Задача России в будущем состоит в том, чтобы осознать наконец свою подлинную природу и вернуться к выполнению своих собственных исторических задач. Россия должна осознать, что как военная и экономическая мощь отдельных европейских держав, для борьбы с которой милитаризировала и европеизировала Россию дореволюционная антинациональная монархия, так и буржуазно-капиталистический строй, во имя преодоления которого социализирует Россию послереволюционное коммунистическое правительство, являются только органическими частями и естественными частными проявлениями одной и той же европейской цивилизации, которая в своем целом и есть главный и основной враг исторической России;
что поэтому бороться следует не с одними этими частными проявлениями, а с самой европейской цивилизацией в ее целом, и особенно с основным духом этой цивилизации, и что средства для этой борьбы надо выбирать такие, которые сами не заключали бы в себе духа европейской цивилизации, так как иначе борьба оказывается нецелесообразной. Ошибка послепетровской антинациональной монархии заключалась в том, что, видя единственную опасность в военной и экономической мощи отдельных европейских держав и желая противопоставить этой опасности соравную ей военную и экономическую мощь русскую, она позаимствовала и стала прививать в России чуждый России дух европейского милитаризма, государственного империализма и лженационализма (шовинистического тщеславия). Но ошибкой послереволюционной власти явилось то, что, усматривая единственную опасность в буржуазно-капиталистическом строе, она для преодоления этой опасности стала прививать в России столь же чуждое России и столь же европейское по своему духу мировоззрение экономического материализма и стремиться осуществлять в России совершенно чуждые России и созданные европейскими теоретиками идеалы общежития. Поняв, что и та и другая ошибка ведут к духовному порабощению России европейской цивилизацией, к уродованию естественной природы исторической России, следует отказаться окончательно от всякого проявления европейского духа и повести решительную борьбу против европейской цивилизации в ее целом. Борьба же эта должна вестись одновременно с созиданием самостоятельной и самодовлеющей русско-евразийской культуры на основаниях, совершенно отличных от духовных основ европейской цивилизации.

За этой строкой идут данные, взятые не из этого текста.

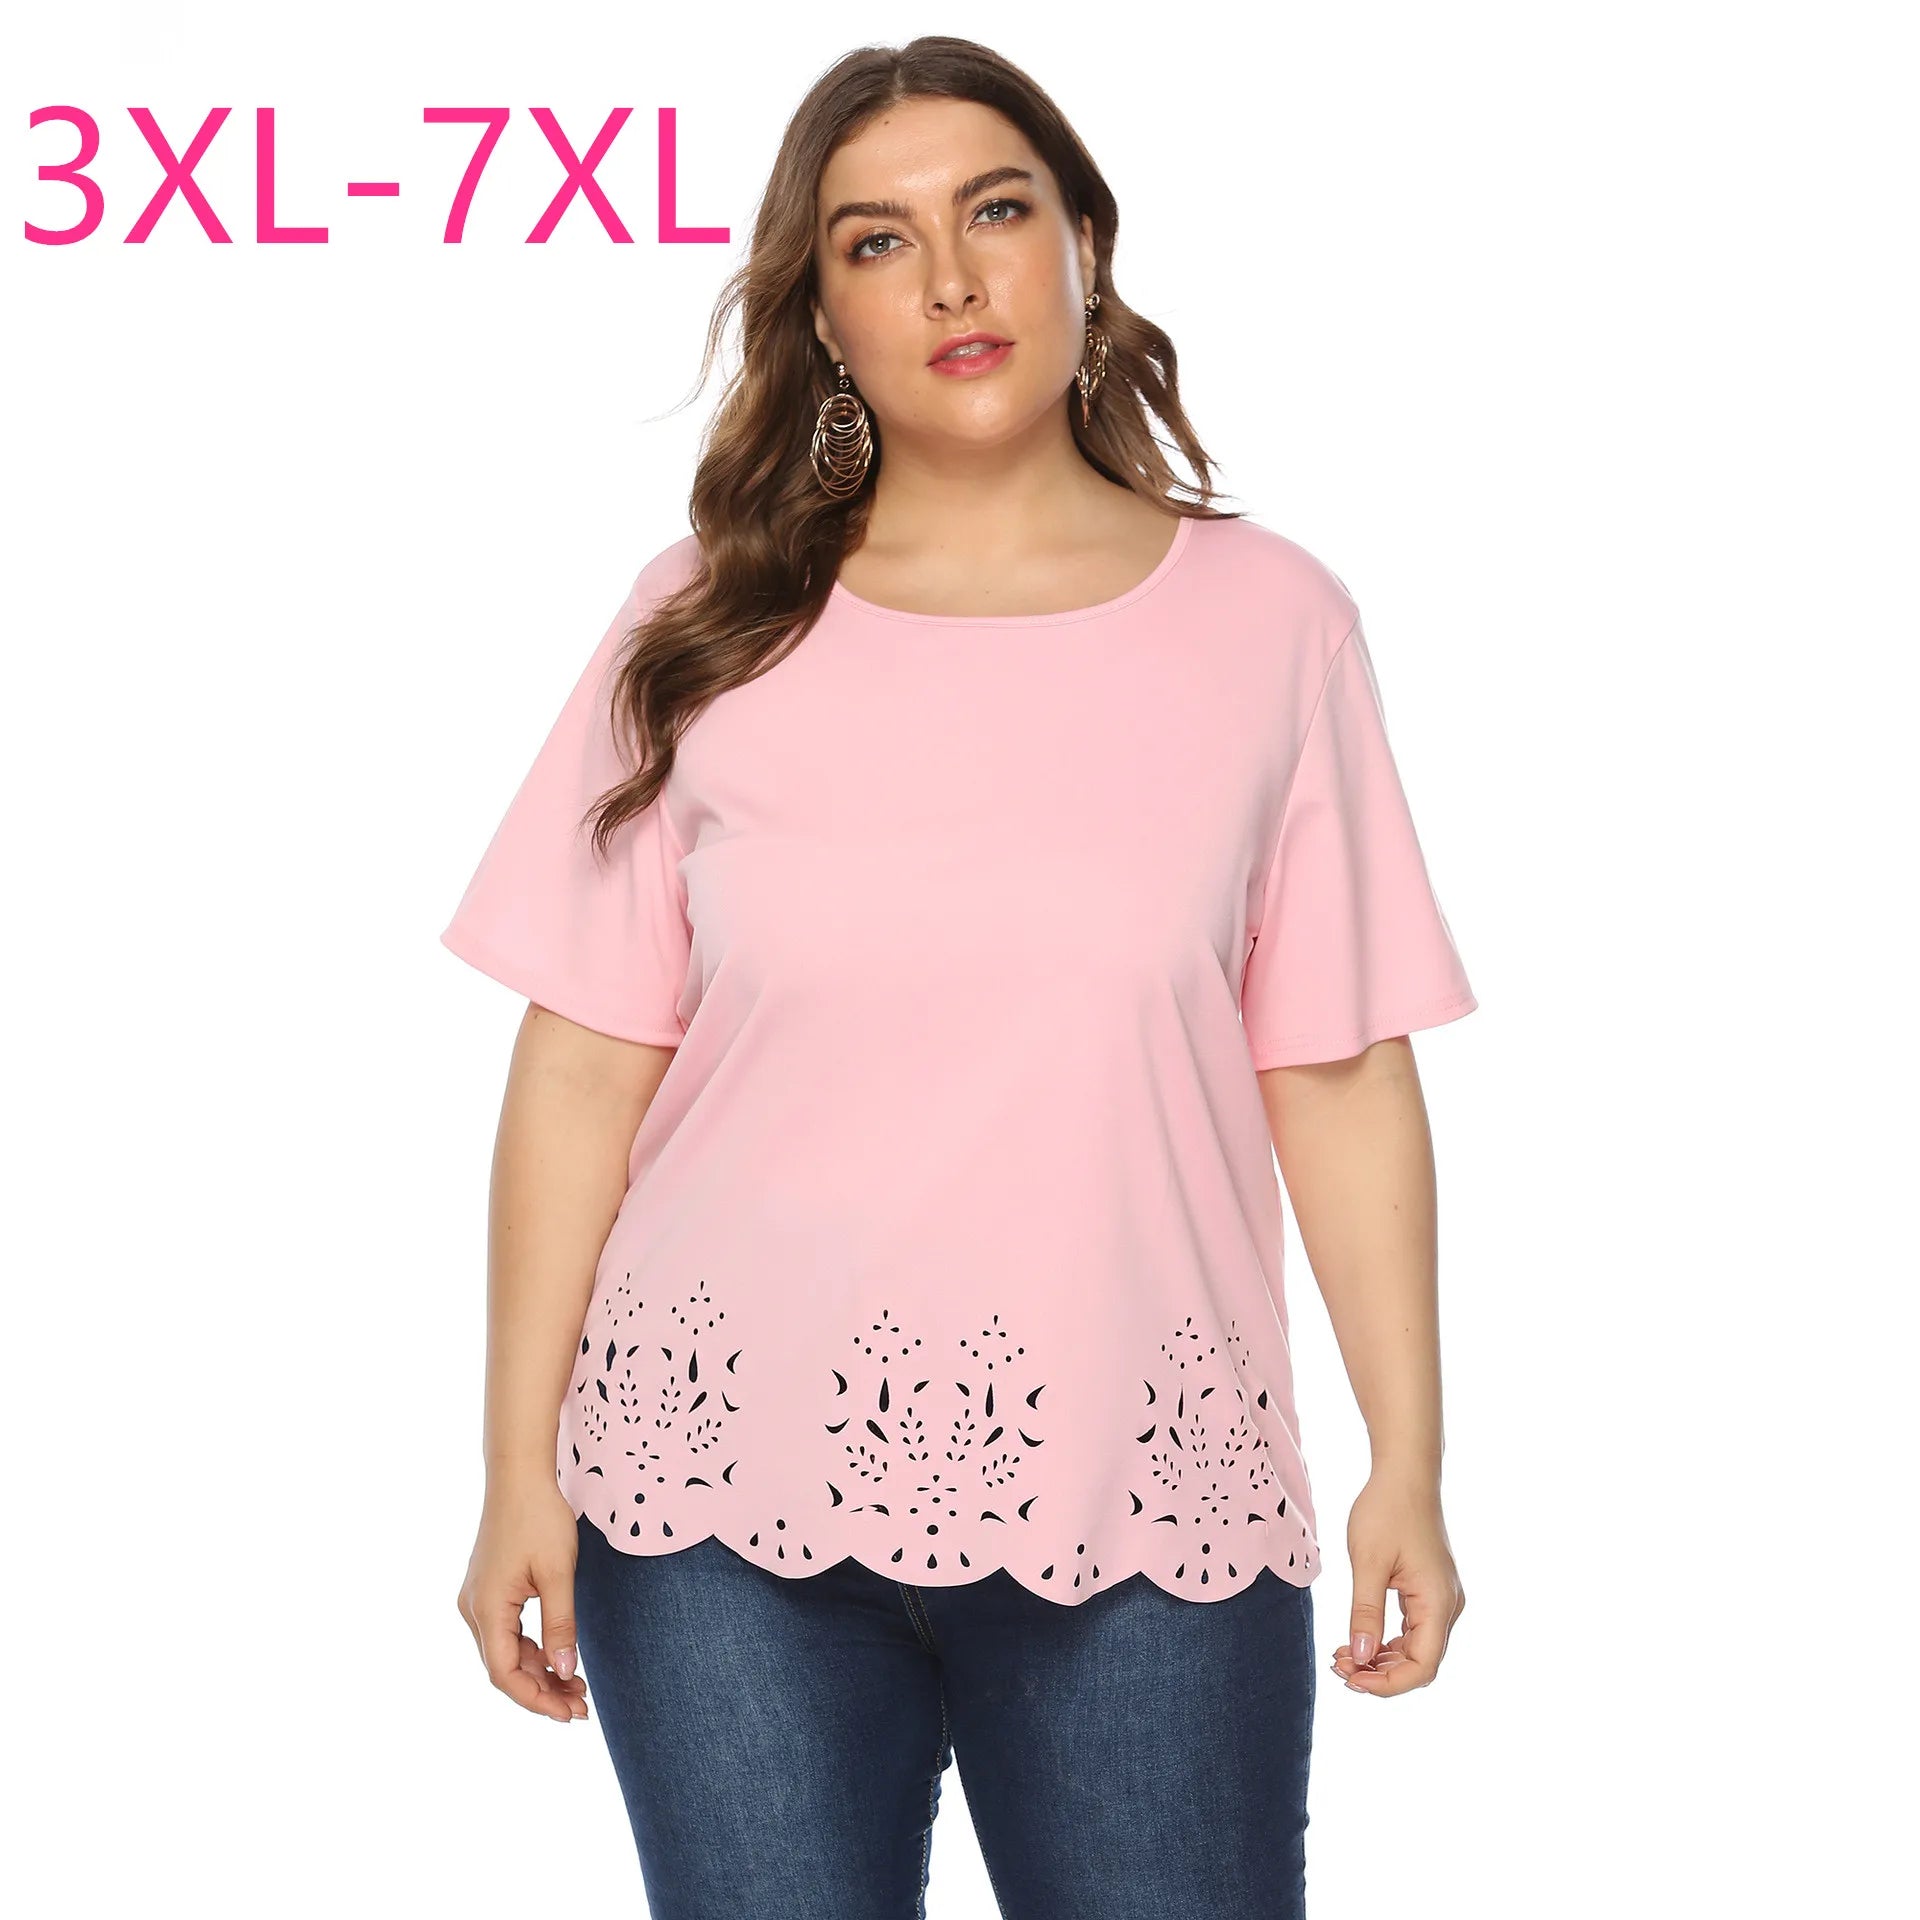 2021 Summer Plus Size Tops For Women Large Short Sleeve Loose Hollow Out Pink O-neck T-shirt 3XL 4XL 5XL 6XL

Нет оснований терять надежду на то, что Россия когда-нибудь, и не в слишком отдаленном будущем, вновь обретет свой собственный правильный исторический путь. Ненависть к европеизму и стремление отмежеваться от него, несомненно, стихийно существуют и сейчас в самых различных слоях населения России—Евразии. Правда, многие отожествляют предмет своей ненависти только с капиталистически-буржуазным строем современной Европы и не сознают, что то мировоззрение социализма и экономического материализма, которое этому буржуазному строю противополагается, есть тоже органическая часть того же европеизма, порождение того же духа европейской цивилизации. Но это умонастроение не окончательное. Рано или поздно оно сменится другим, более сознательным, последовательным и радикальным отвержением не только отдельных проявлений, но и самой сущности, самого духа европейской цивилизации. И через отвержение этого чужого духа Россия—Евразия обретет свое собственное, подлинное лицо.
XIV
Как это ни странно, но именно теперь, когда правительство России прилагает все усилия к тому, чтобы привить России мировоззрение, созданное типичными представителями европейского духа, и перестроить согласно созданным европейскими публицистами теориям, именно теперь, несмотря на это, стихийное национальное своеобразие и неевропейское, полуазиатское лицо России—Евразии более чем когда-либо выступает наружу. Проступает наружу, "прет из всех щелей", несмотря на всю интернационалистическую и противонационалистическую декорацию, несмотря на все претензии последнего крика "общечеловеческой" (сиречь европейской) цивилизации. Россия подлинная, Россия историческая, древняя, не выдуманная славянская или варяжско-славянская, а настоящая русско-туранская Россия-Евразия, преемница великого наследия Чингисхана. Заговорили на своих признанных теперь официальными языках разные туранские народы: татары, киргизы, башкиры, чуваши, якуты, буряты, монголы, —стали участвовать наравне с русскими в общегосударственном строительстве; и на самих русских физиономиях, раньше казавшихся чисто славянскими, теперь замечаешь что-то тоже туранское; в самом русском языке зазвучали какие-то новые звукосочетания, тоже "варварские", тоже туранские. Словно по всей России опять, как семьсот лет тому назад, запахло жженым кизяком, конским потом, верблюжьей шерстью —туранским кочевьем. И встает над Россией тень великого Чингисхана, объединителя Евразии...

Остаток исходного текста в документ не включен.